Living the Questions

Happy new year to you and your family! I can’t help but linger on the big questions during the gray days of January. After the decorations have gathered dust and been put away, there’s a bareness and a simplicity to our home. That lack of clutter allows me some clarity of mind as I consider those questions that, in the busyness of our days, don’t typically get asked. 

In addition, I’ve recently been challenged on the very role and purpose of family. Why do we choose to live in a family when we could choose another lifestyle? It made me consider. As a researcher, I went directly to the literature. But then, I paused, moved away and considered for myself. Why is family life so important and what purpose does it serve in our lives that no other context can serve?

There were two commonalities I found as I sorted through writings on families from the science-based to the philosophical and spiritual. Family offers a support for our physical and mental health. The implication of this is that our own health and well-being have a direct impact on the well-being of others in the family so care for ourselves and others is a priority. The second is that family serves as the hub of our core values. As we anchor to those values, we can see evidence of them in our everyday choices and actions. Becoming clear as a family about what values we want to intentionally embody, nurture and promote can offer us a focusing path as we learn about and improve ourselves and our ways of parenting.

Here are some of these questions you might consider too.
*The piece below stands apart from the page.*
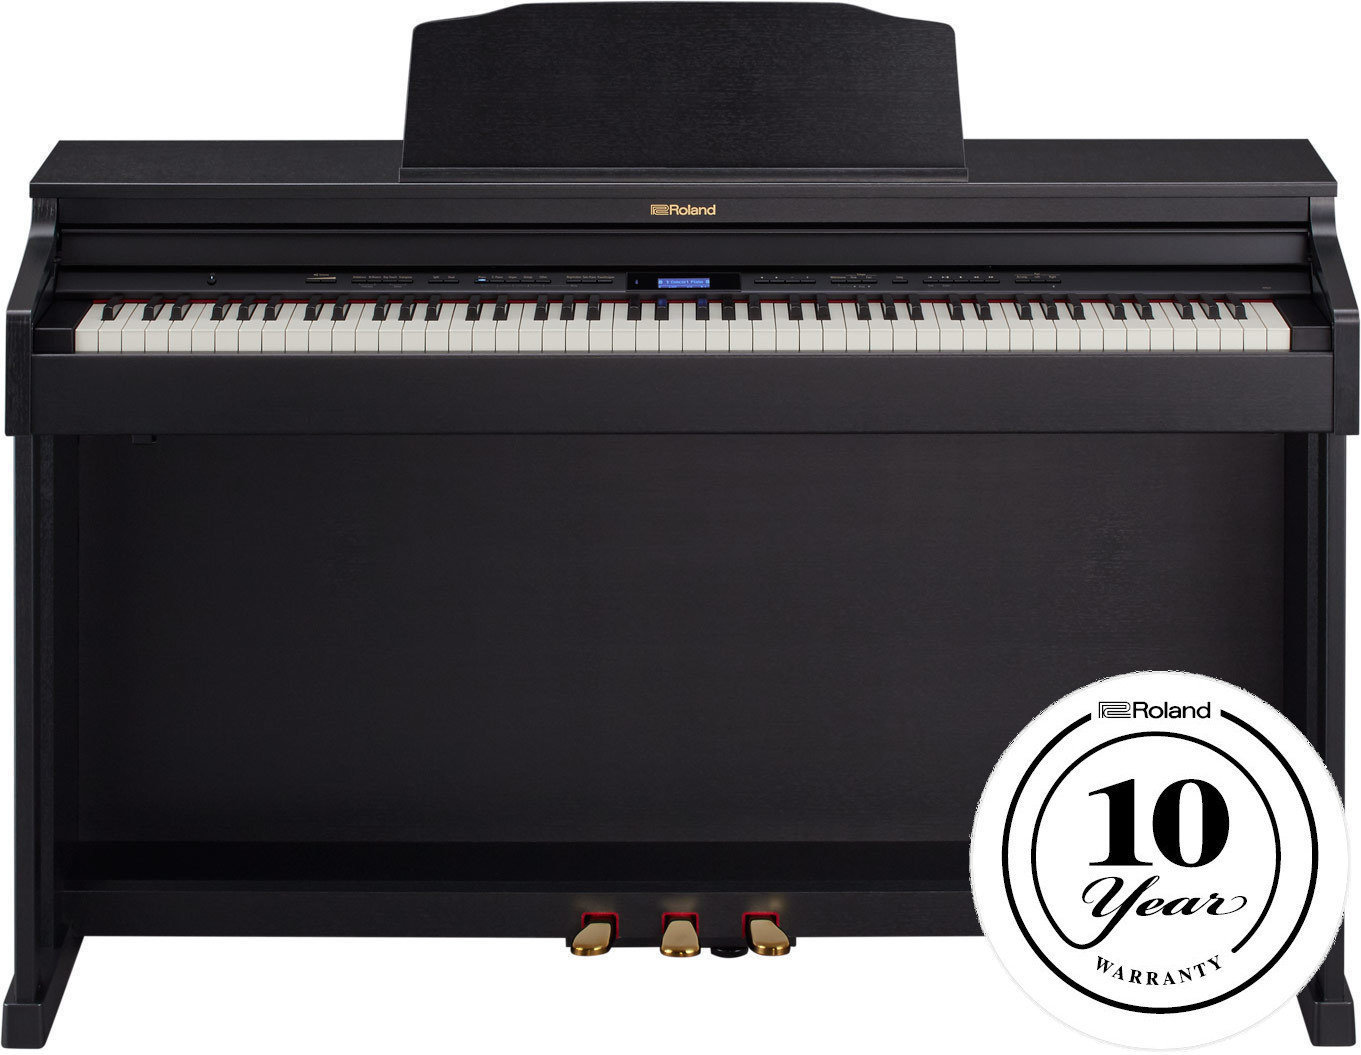 Digitale piano Roland HP-601 CB

What do I stand for? What does our family stand for?

What is my life about? 

What gives me a sense of meaning?

Who do I want to be as a parent? 

What do I value as a parent and as a husband or wife, daughter or son and family member?

How am I living those values and in what ways am I not? 
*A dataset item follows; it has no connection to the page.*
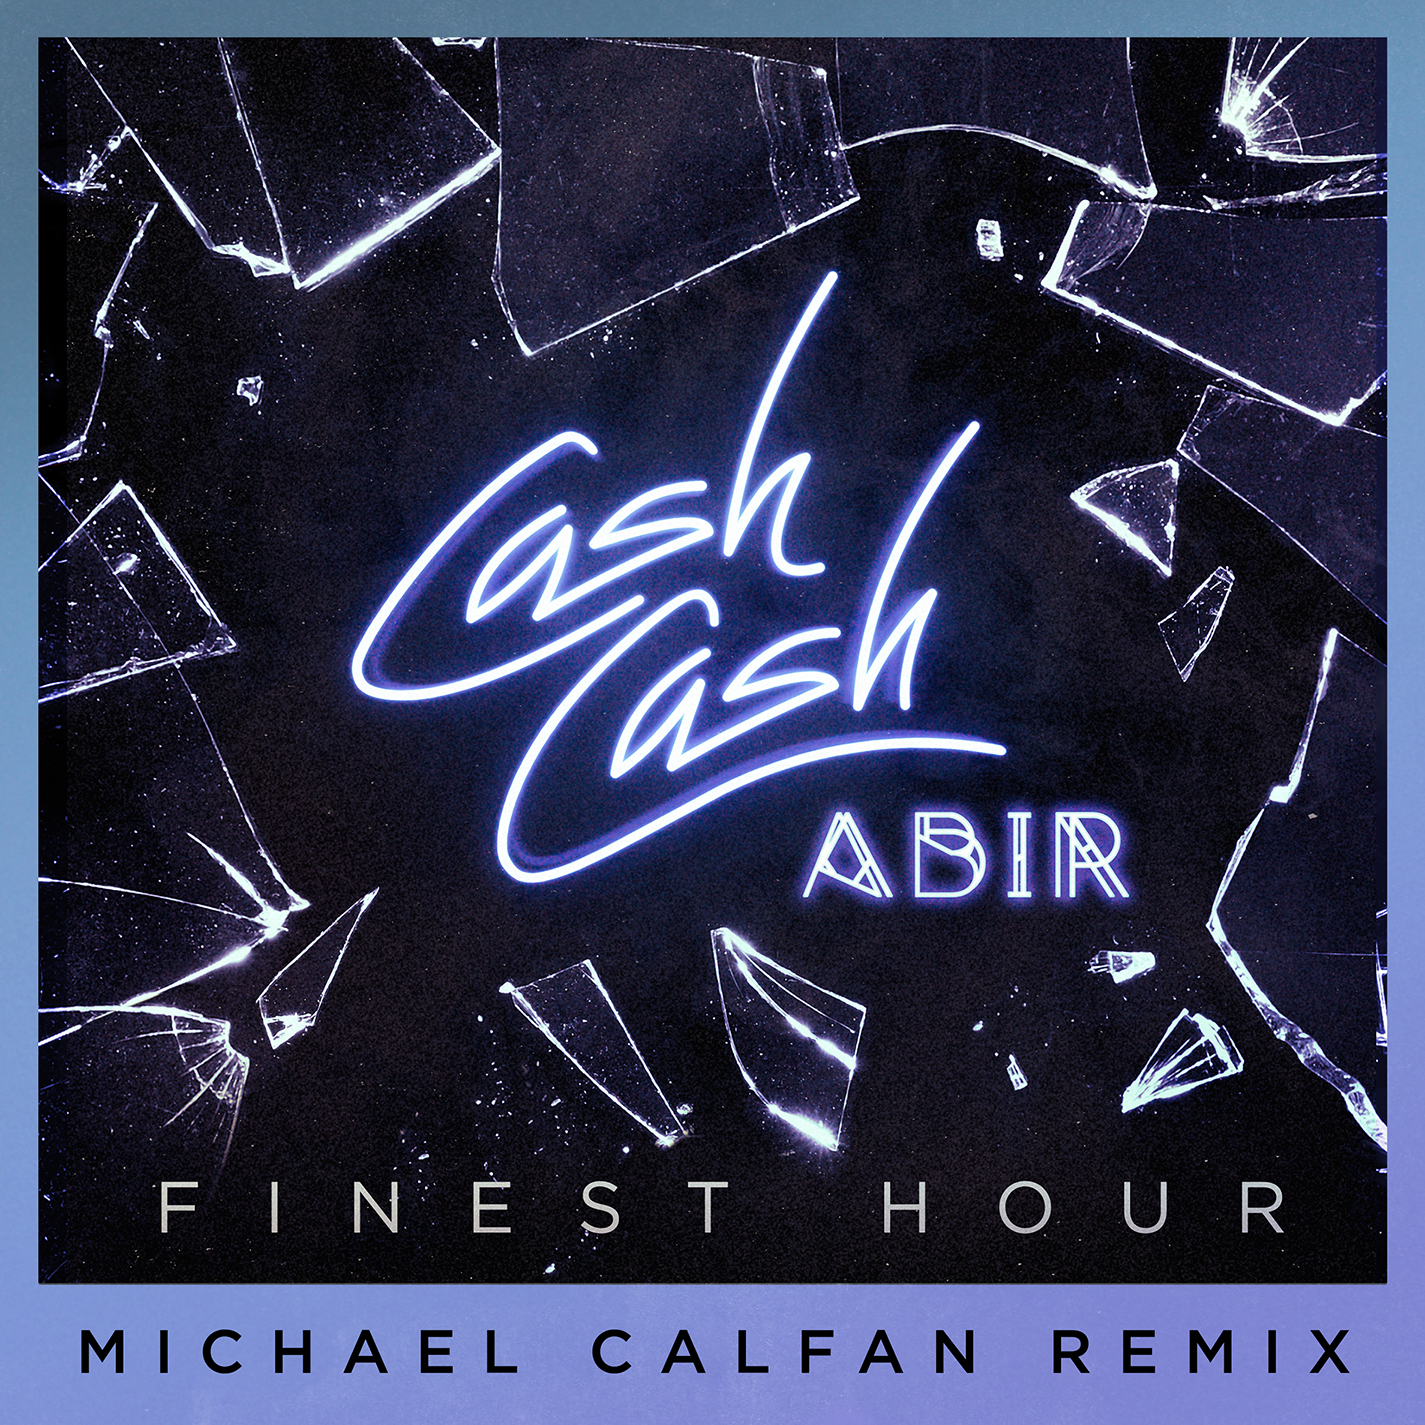 Finest Hour (Michael Calfan Remix)

Where do I need to become more intentional to ensure that I am living my values?

How am I helping my son or daughter discover their own sense of purpose and meaning?

How do I regularly share power with my son or daughter to ensure they are growing their responsible decision-making skills?

How am I contributing to the world? How am I finding small ways my son or daughter can contribute?

I find the following quote so comforting as I consider the bigger picture. May you live the questions this January to start the new year in a considered, reflective way.

Be patient toward all that is unsolved in your heart and try to love the questions themselves, like locked rooms and like books that are now written in a very foreign tongue. Do not now seek the answers, which cannot be given you because you would not be able to live them. And the point is, to live everything. Live the questions now. Perhaps you will then gradually, without noticing it, live along some distant day into the answer.

– Rainer Maria Rilke

Today:

Jennifer Miller of Confident Parents, Confident Kids will be doing a fireside chat with Mike Todasco, Senior Director of Innovation at PayPal Headquarters (and long-
time dear friend) in San Jose, CA. Can’t wait to talk about parenting hopes and dreams and how we can promote social and emotional competence in ourselves and our children with the PayPal Team. Thanks Mike Todasco for this awesome opportunity!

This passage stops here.